Aboriginal Legal Aid will appeal to the Director of Public Prosecutions and Queensland Attorney-General Rod Welford, while civil action against the Tomkins is being considered.

"This is going to incite racial violence," Mr Button said.

"The justice system stinks. It's saying it's all right for non-indigenous people to go and put a rope around someone's neck and drag them up and down a river and give them a flogging. We're saying that's not on."

High profile Aboriginal activist Murrandoo Yanner, who was prominent in the aftermath of the Palm Island controversy, said the leniency of the decision was outrageous.

"I bet if two blackfellas had gone out and done that to two or three white children we would not be receiving an $A800 fine," he said.

"That alone is the essence of the proof of racism.

"You can't imagine two blacks being let off with an $A800 fine for doing a similar thing, that's impossible in this state."

But the lawyer for the two men strongly rejects the argument that race played a part in the incident and that they were just protecting property.

Mr Boland was with three other residents of the Toomelah Aboriginal Mission, just across the NSW border from Goondiwindi, on the day of the incident at the farm.
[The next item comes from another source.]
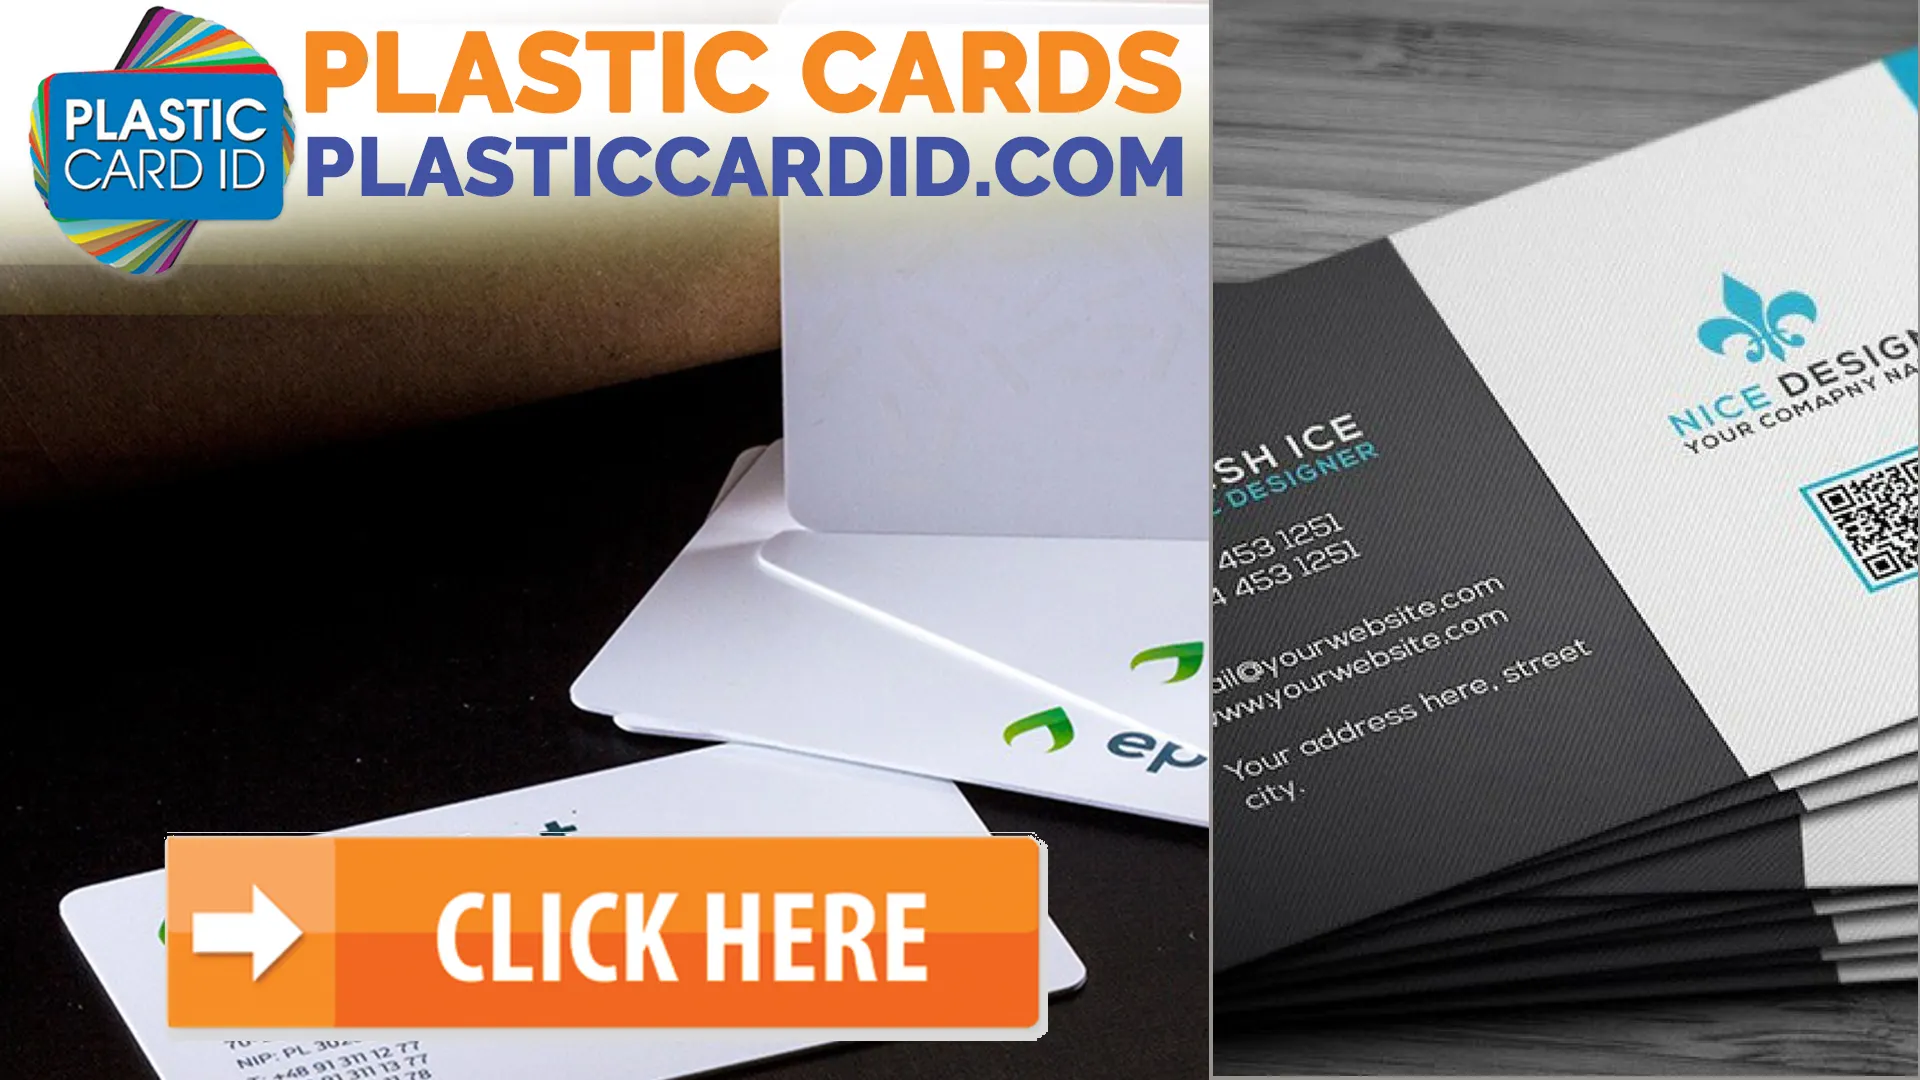 Prepaid Plastic Cards as a Business Multi-Tool

His mother said they were looking to steal marijuana.

The Tomkins' lawyer Robbie Davies said the farm had been subjected to frequent break-ins and local police had given the owner permission to restrain offenders.

Mr Davies said the Tomkins' actions were not race related.

"It's a pity they didn't have the hindsight to put a rope around his waist and not his neck," he said.

"This is not a racial event. It would have been the same if it was a white youth.

"It's been misconstrued to everyone's grave horror and concern."

Police in Goondiwindi reported a quiet night after Wednesday's controversial court case.

But the region has known race trouble in the past and friends of the Tomkins have reportedly said the family fears reprisals.

"They've received death threats, been threatened to have their house burned down. They're doing it tough," family friend Kurt Rabbitt said earlier this year.